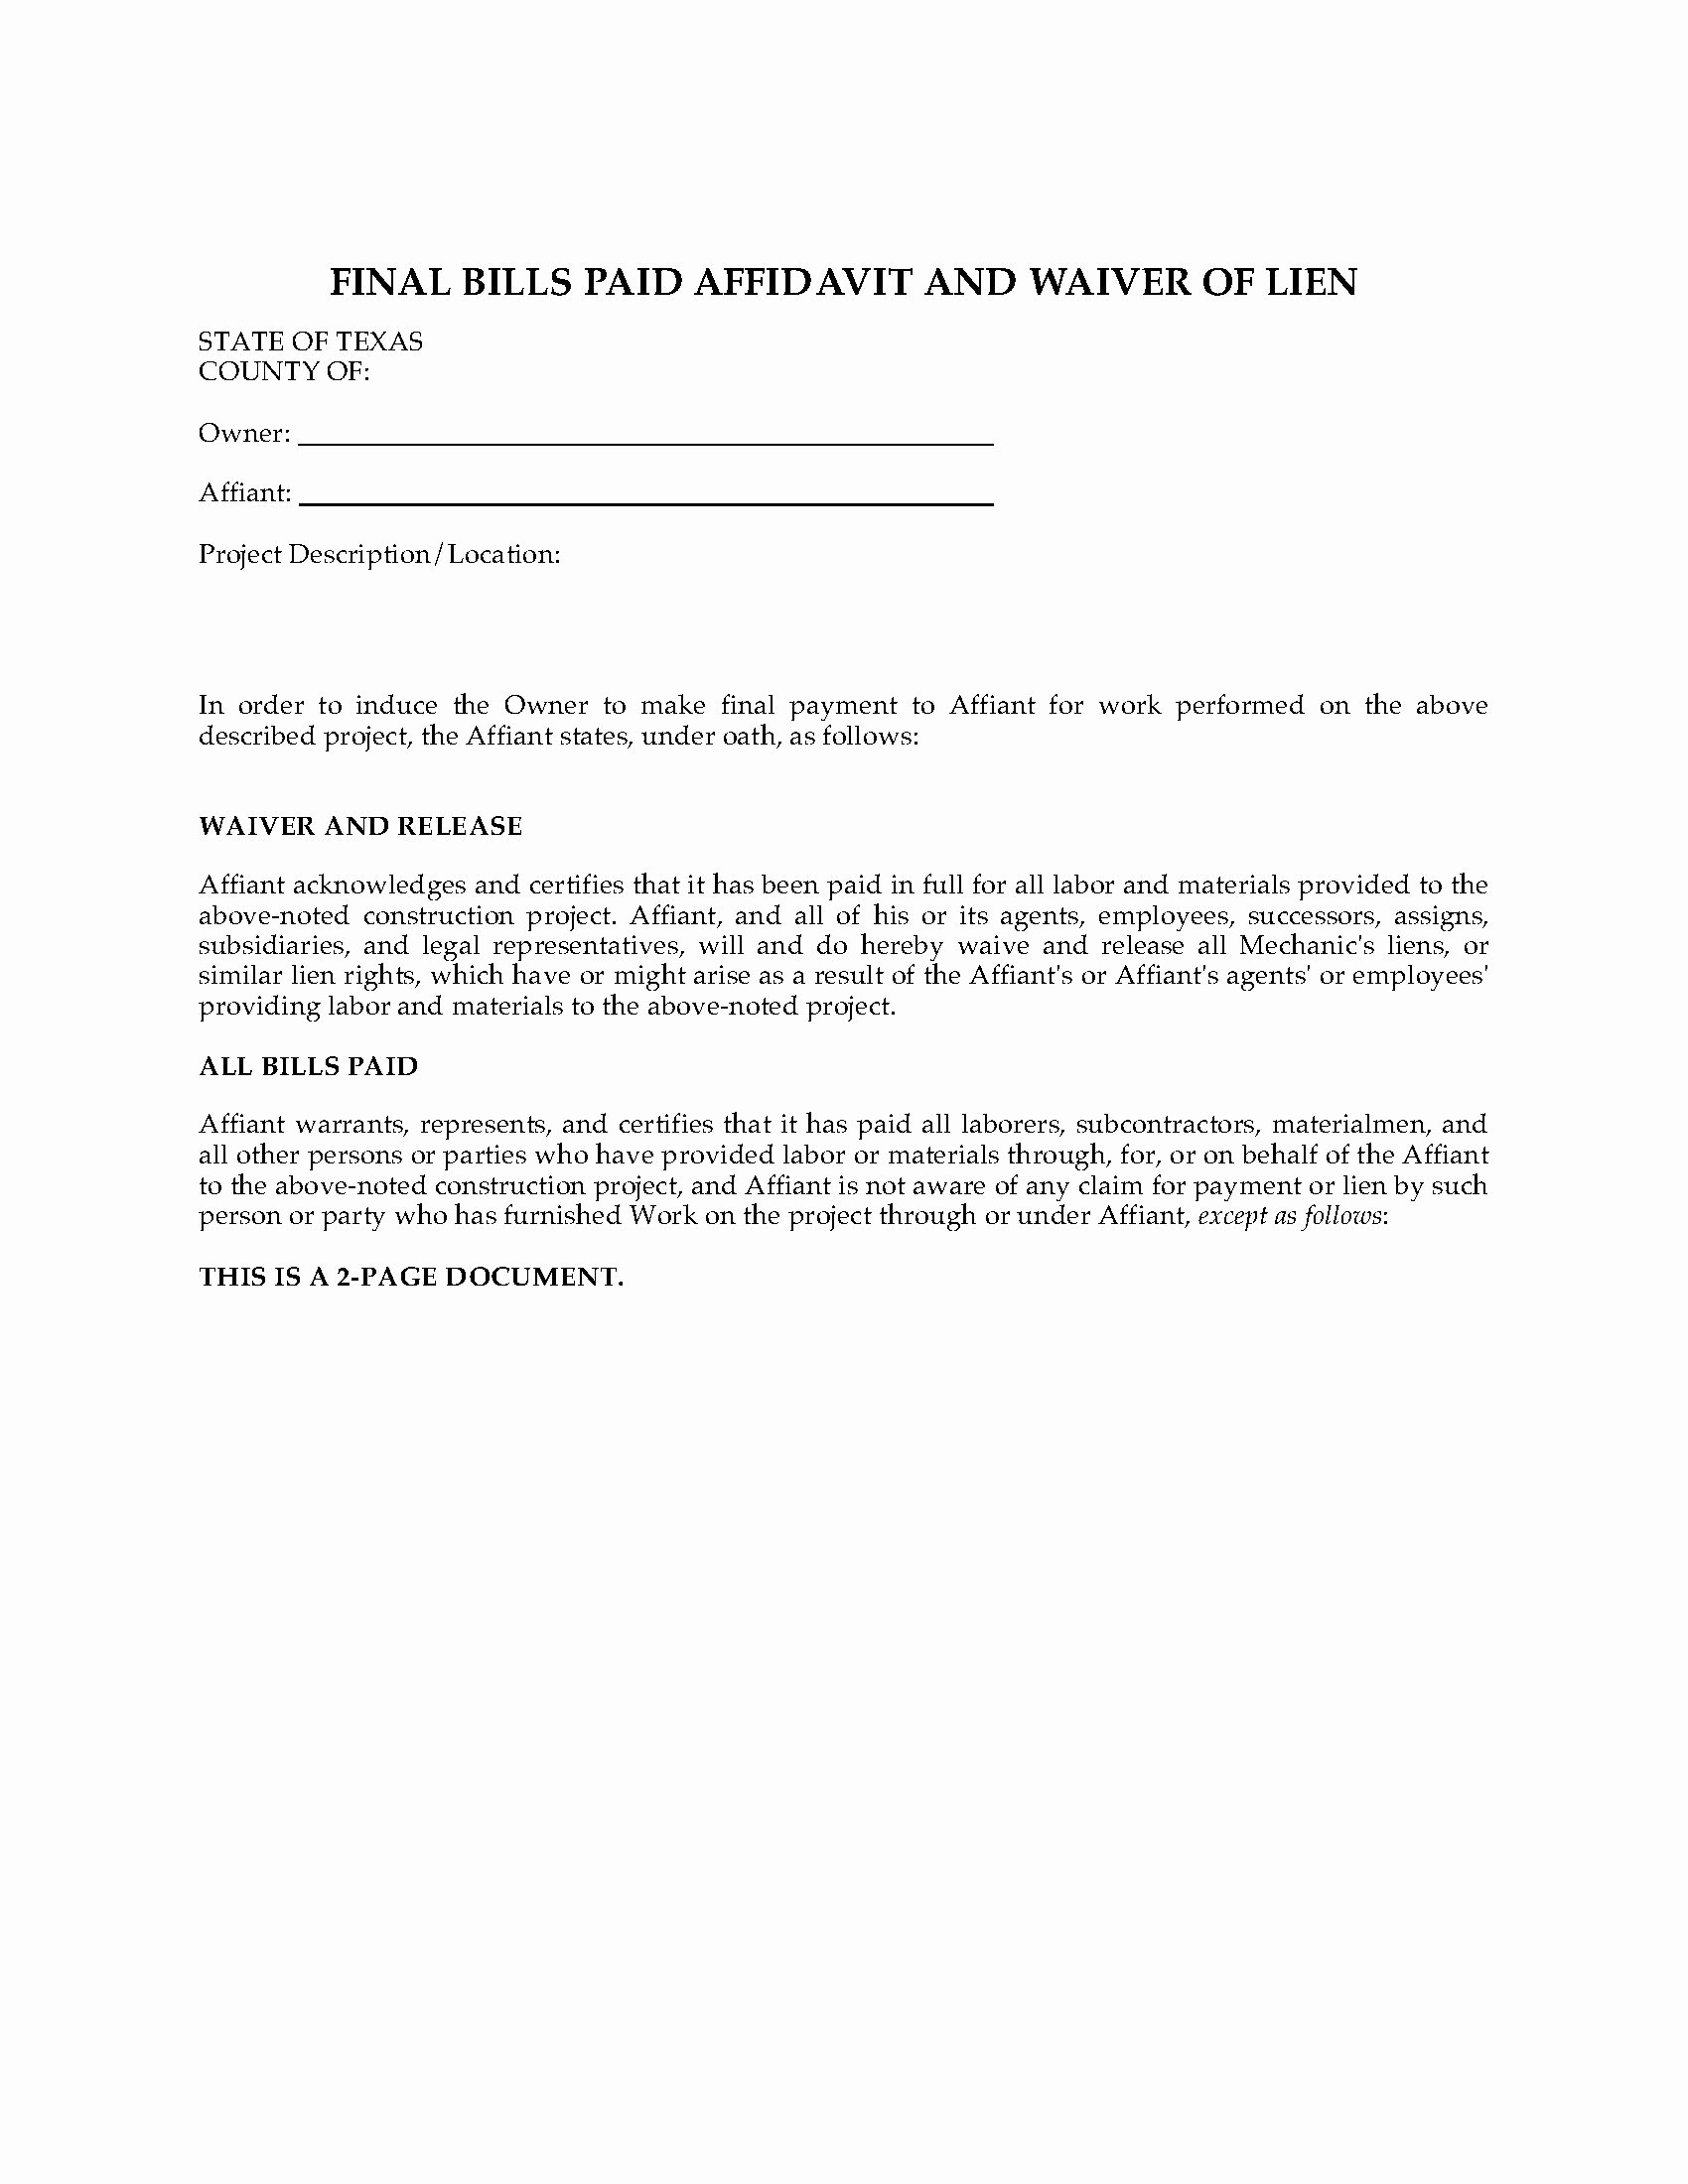 Final Lien Waiver Template Lovely Texas Final Bills Paid Affidavit and Waiver Of Lien
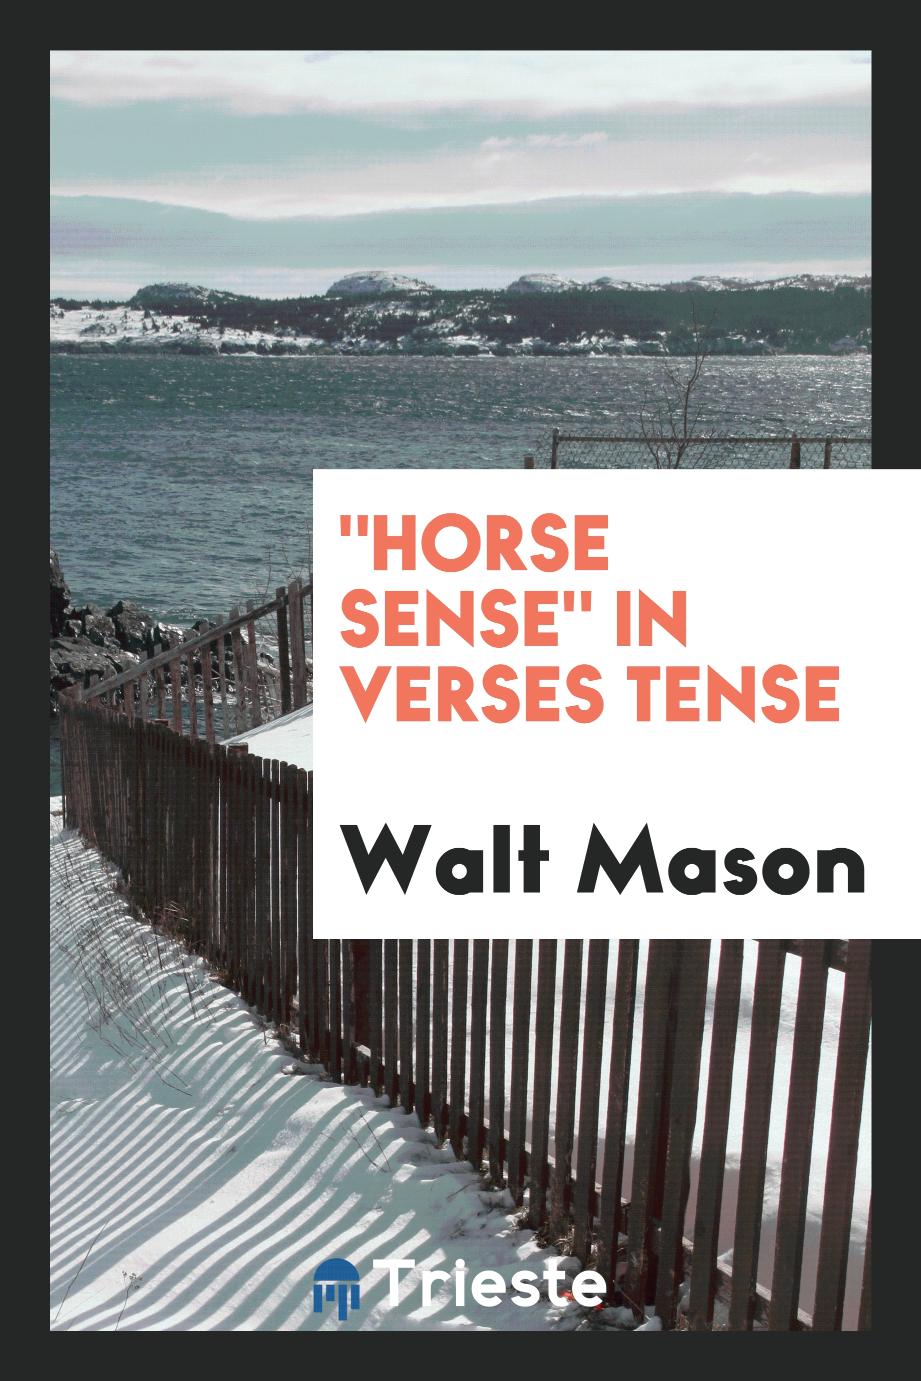 "Horse sense" in verses tense
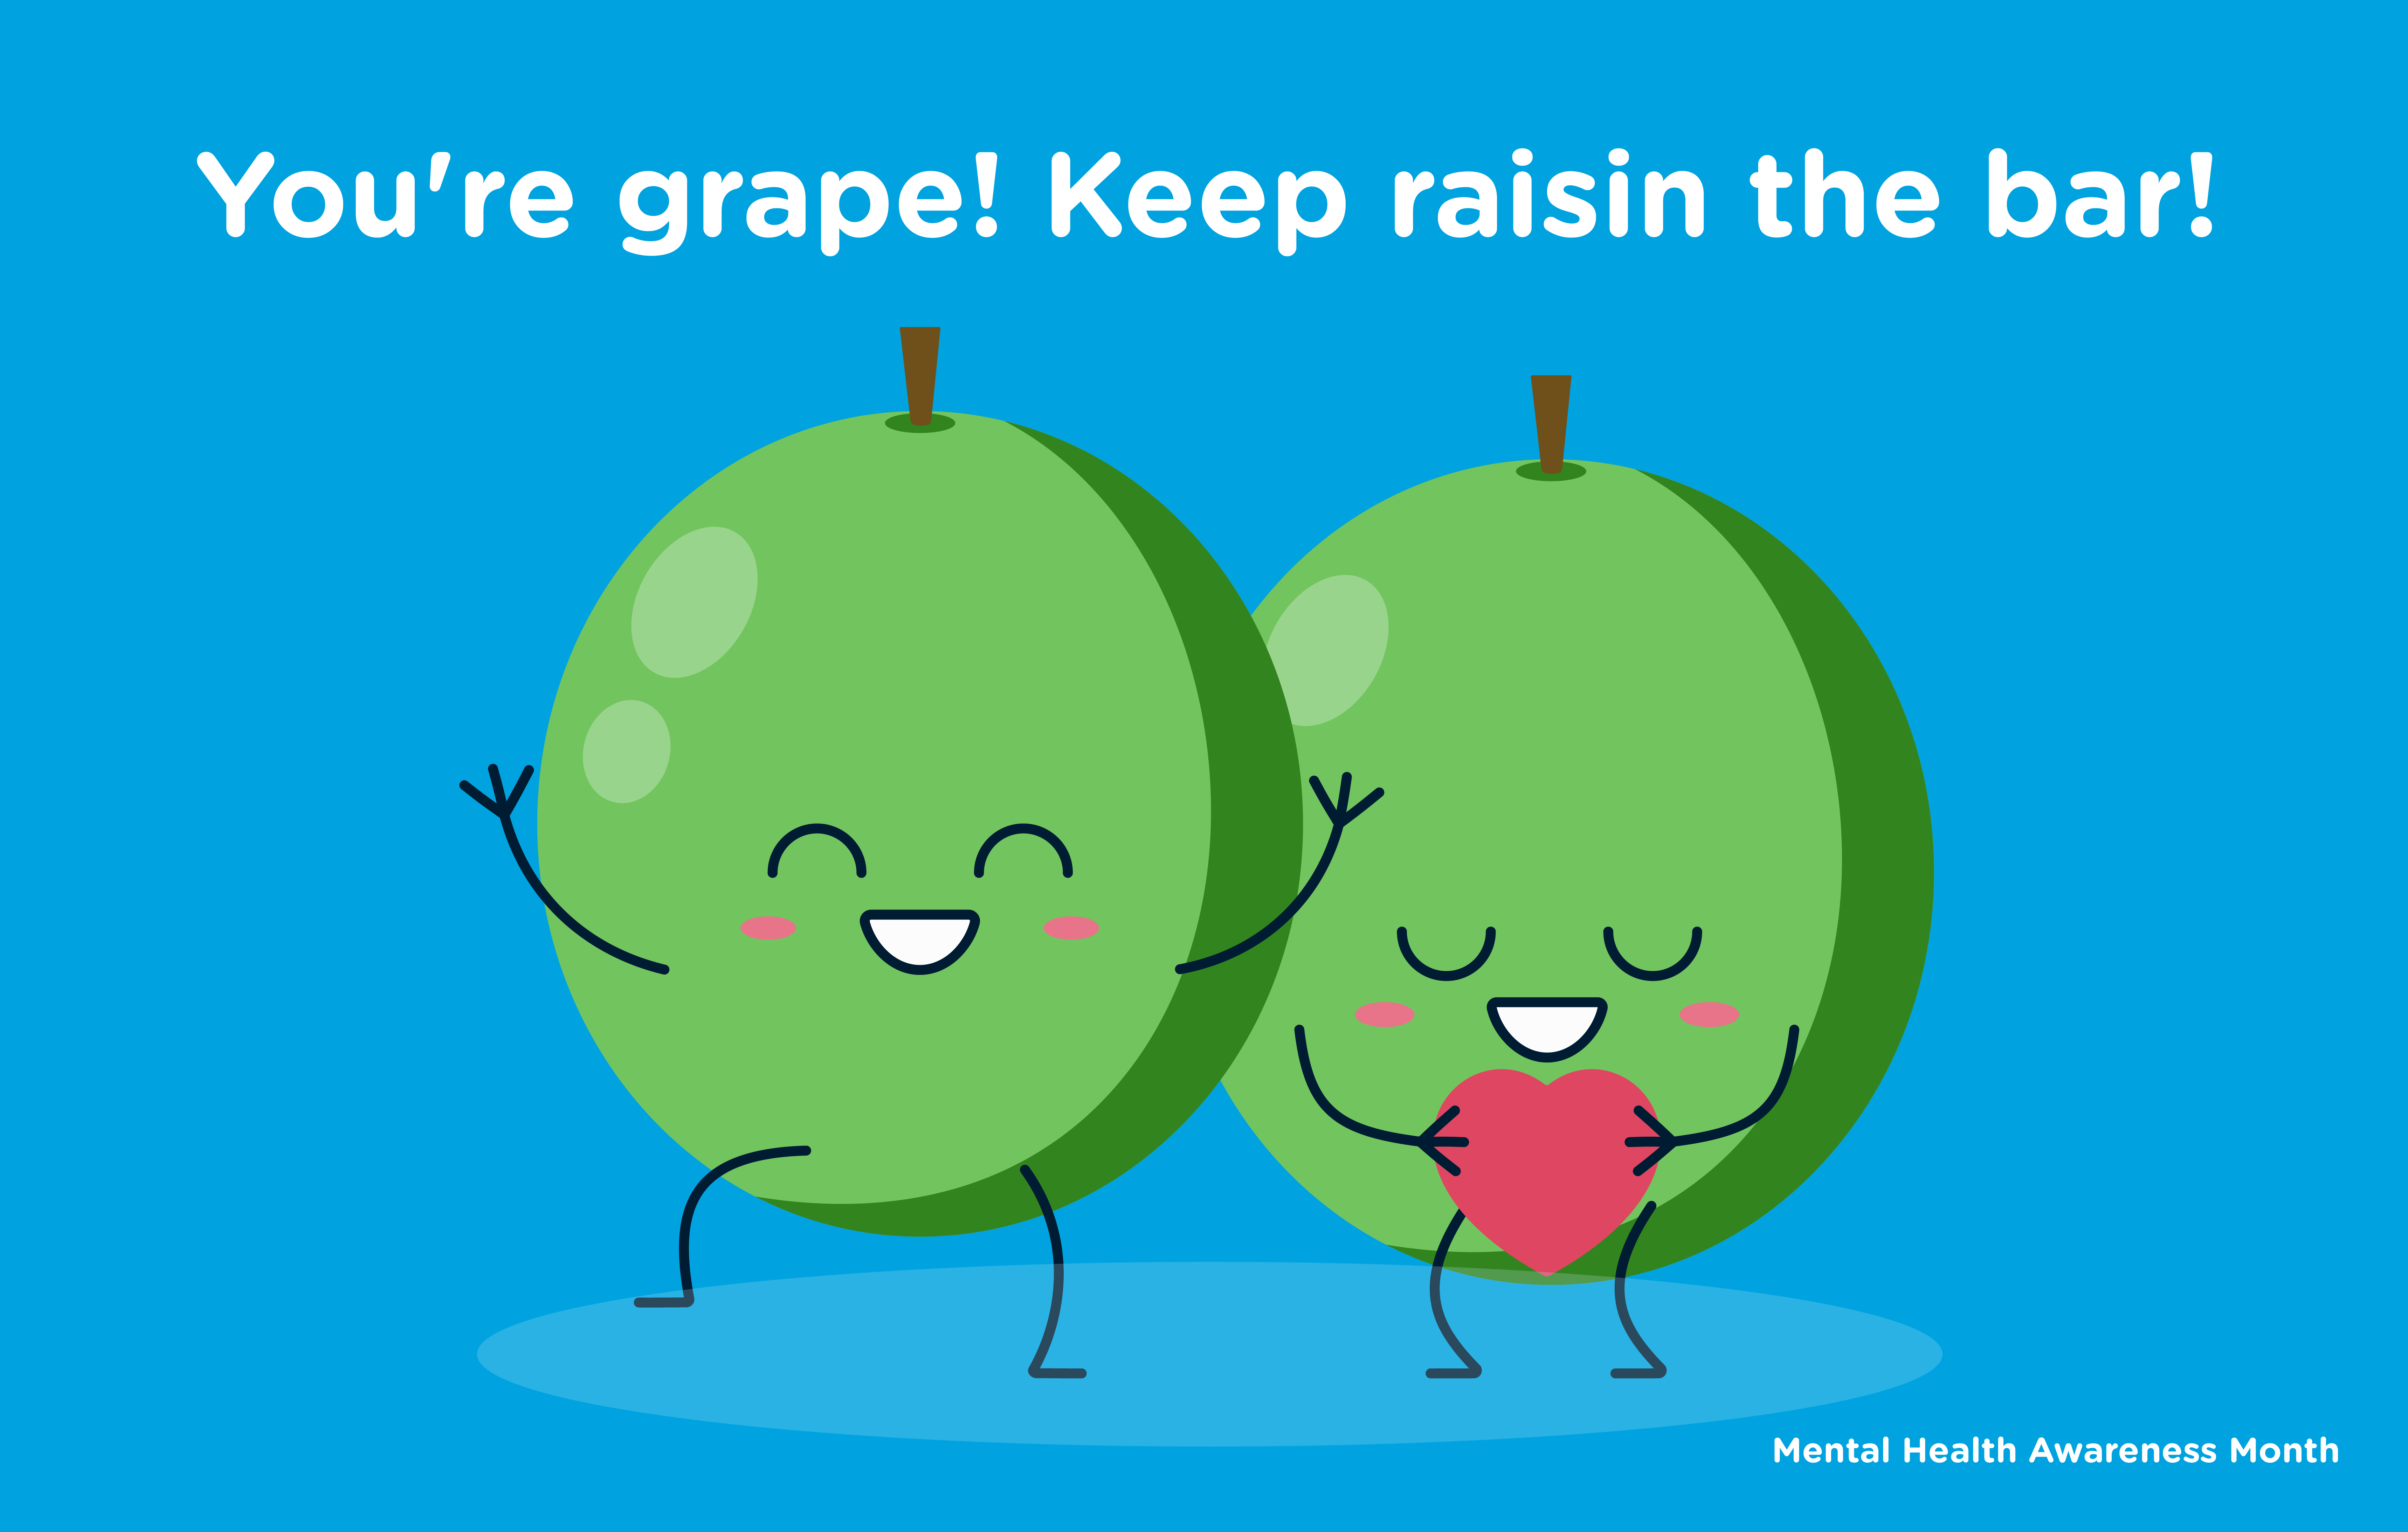 Mental Health Awareness Month: You're grape! Keep raisin the bar!

● ● ● ● ● ● ●

• **TASK**
Would you give the data above again word for word, minus the pictures?

• **ANSWER TO THE EXERCISE**
 Final Lien Waiver Template Lovely Texas Final Bills Paid Affidavit and Waiver Of Lien
 "Horse sense" in verses tense
 Mental Health Awareness Month: You're grape! Keep raisin the bar!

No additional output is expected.